But that was not the point. To those in charge of Britain’s defence, it seemed as though they were reaching crisis point. There was no let-up in the number of enemy raids on the plotting tables at Bentley Priory and Uxbridge, and now photographs by Coastal Command and reports by Bomber Command’s Blenheims warned of huge concentrations of barges and ships suddenly filling harbours all the way from Holland to Le Havre. Dowding had for some time wondered when the Germans might begin delivering massed raids that could not be parried. From the pictures of Continental ports, and the known build-up of Luftwaffe units in the Pas de Calais, the strong suggestion was that the hammer blow was about to come. What worried Dowding was that they would not be able to meet that blow.

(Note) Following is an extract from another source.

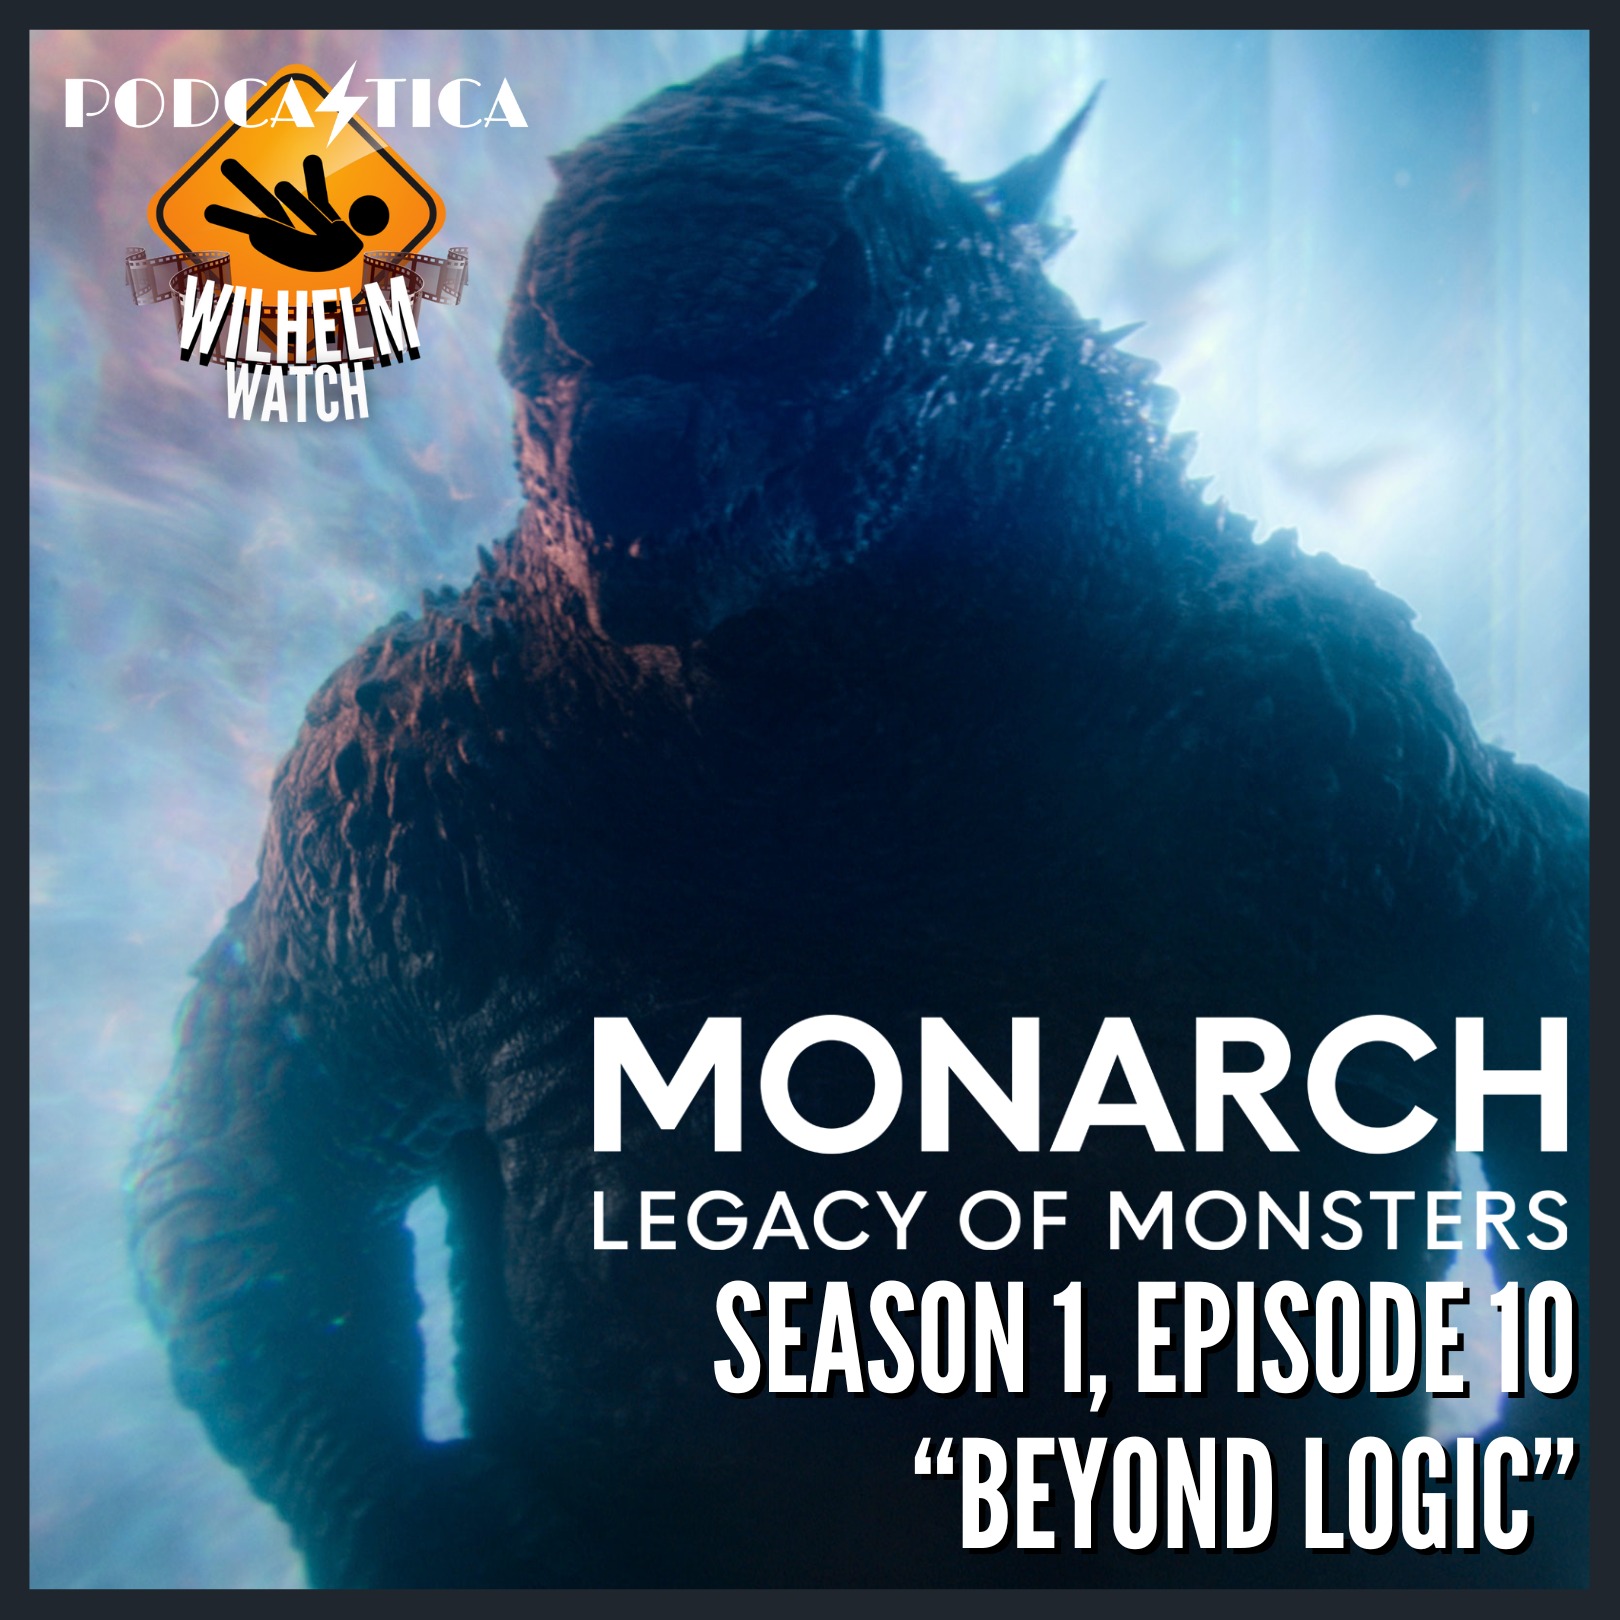 WILHELM WATCH / HOUSE PODCASTICA - Monarch: Legacy of Monsters S01E10 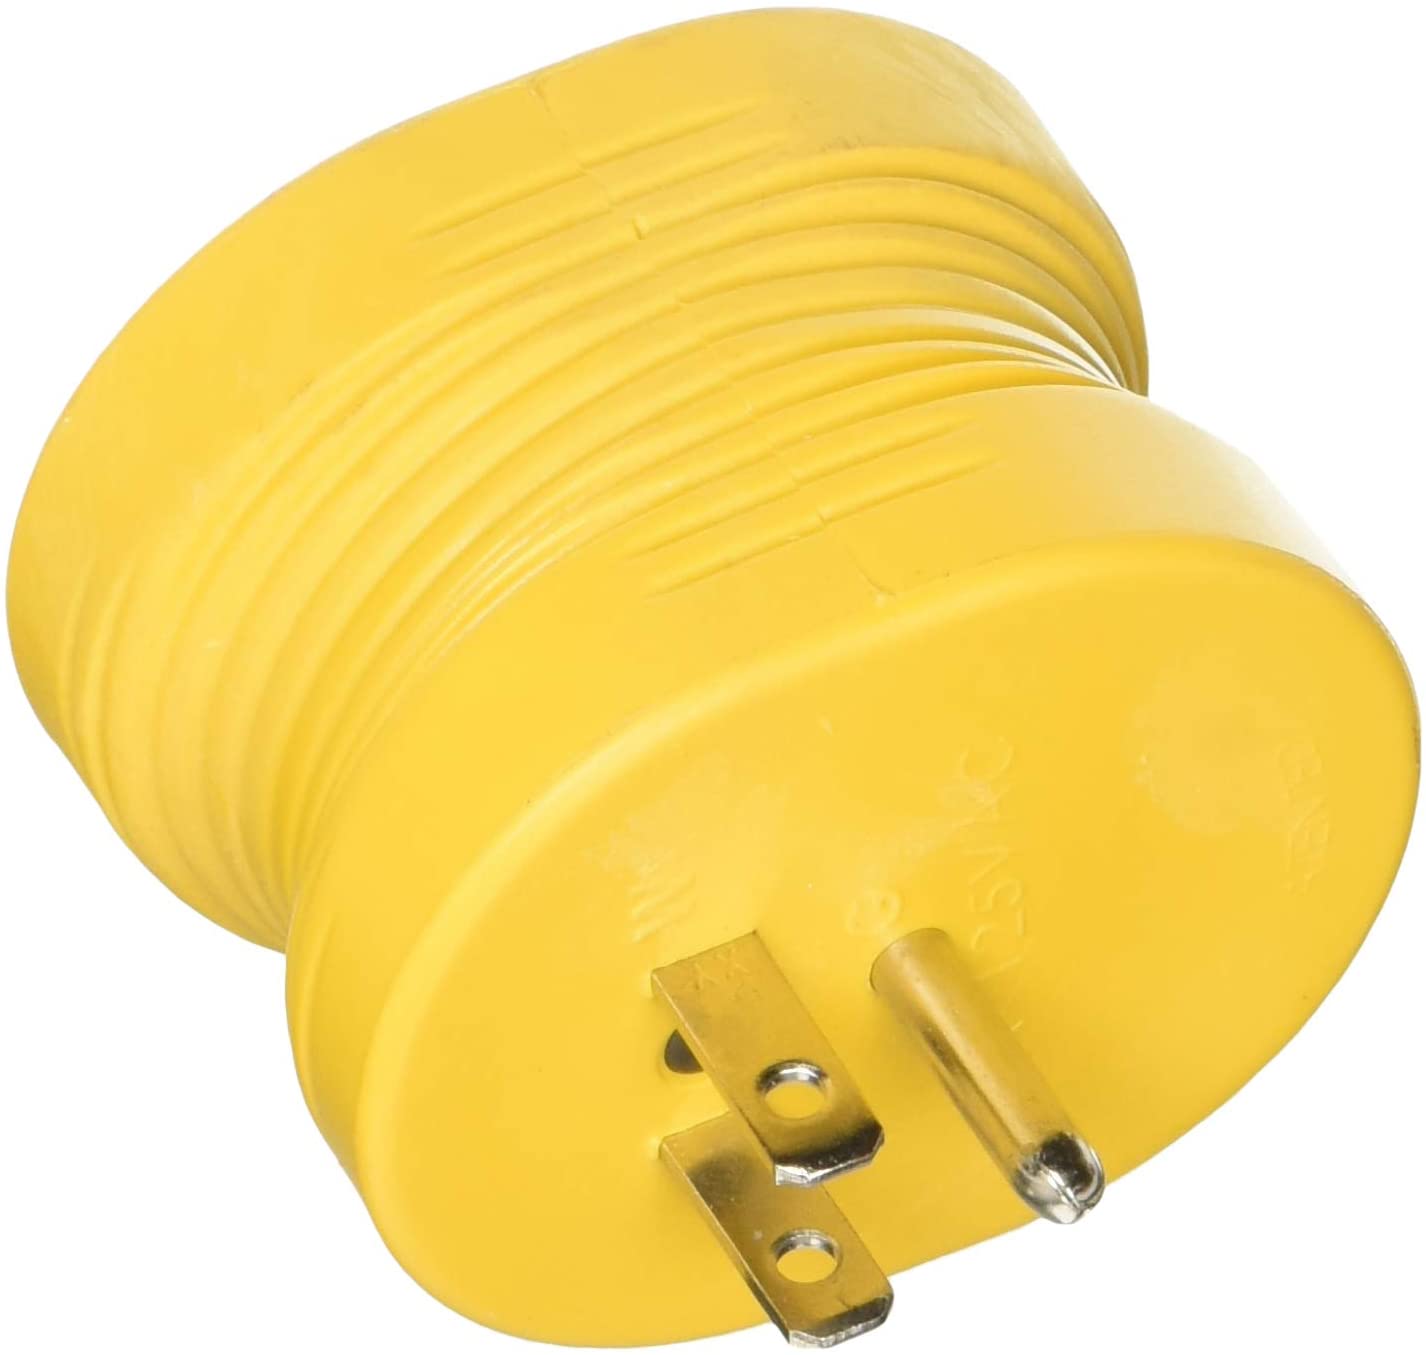 Camco 55222 Power Grip 15M - 30F Adapter

On the morning of Saturday, 7 September, Dowding called a meeting with Park, Evill and Sholto Douglas, the Deputy Chief of the Air Staff. He explained that they needed to think about what to do should Fighter Command ‘go downhill’. His assumption was that they would soon be unable to keep squadrons fully equipped with pilots. Certainly, if things continued as they were, his policy of rotating squadrons would become impossible. It also worried him that the Germans might discover how hard hit they were – he had no idea they already believed Fighter Command to be a spent force. He was therefore determined to keep 11 Group at full strength come what may, but was unable to increase the numbers of squadrons in the south-east because of the damage to airfields, the limited number of existing airfields, and other logistical issues of maintenance, airfield protection and infrastructure. Already, he said, Park was demanding more pilots for five of 11 Group’s squadrons, which were now under-strength but had been in the front line for just a short period.
Sholto Douglas insisted that Dowding was being too pessimistic, and reeled off pilot figures that suggested they had ample numbers of new men coming through. But Dowding retorted that it was one thing to be a trained pilot, and quite another to be a combat-ready fighter pilot. At current rates, they were losing 120 pilots a week, a rate that could not be sustained. Losses were now outstripping those coming through the OTUs and the course had already been cut to two weeks. This meant that some pilots were being sent to squadrons with as little as ten hours on Spitfires and Hurricanes. Park now backed up Dowding, pointing out that he had already been forced to put together composite squadrons, a practice to which Dowding was vehemently opposed. ‘You must realize,’ Dowding said to Douglas, ‘that we are going downhill.’
Park had been dealing with the problem of under-trained pilots by insisting they were given further training with the squadron before being made operational. This, he said, was no longer possible, but he now suggested a new scheme. New pilots could be sent to squadrons in the north for extra training, while only fully trained pilots from the north would be sent to squadrons in the south. Dowding pointed out that he needed fresh operational squadrons to exchange with 11 Group’s battle-exhausted squadrons. The two schemes could run in tandem, Park replied. He was only suggesting importing individual pilots, not entire squadrons, and proposed this should take effect only when a squadron’s quota of pilots fell below fifteen. Dowding – and Douglas, for what it was worth – agreed to Park’s proposal. From now on, squadrons were to be given categorization. Class A were those squadrons in 11 Group and some in 10 and 12 Group like 609 and 87 Squadrons, for example, which were fully operational and had their quota of sixteen or more combat-ready pilots. Class B squadrons would contain up to six non-operational pilots in a quota of sixteen, while Class C squadrons would retain at least three fully operational pilots. Most Class C squadrons would be in 13 Group, although there would be some in 10 and 12 Groups too. It was the best they could do in the circumstances. They now had to hope that, in the days to come, it would be enough.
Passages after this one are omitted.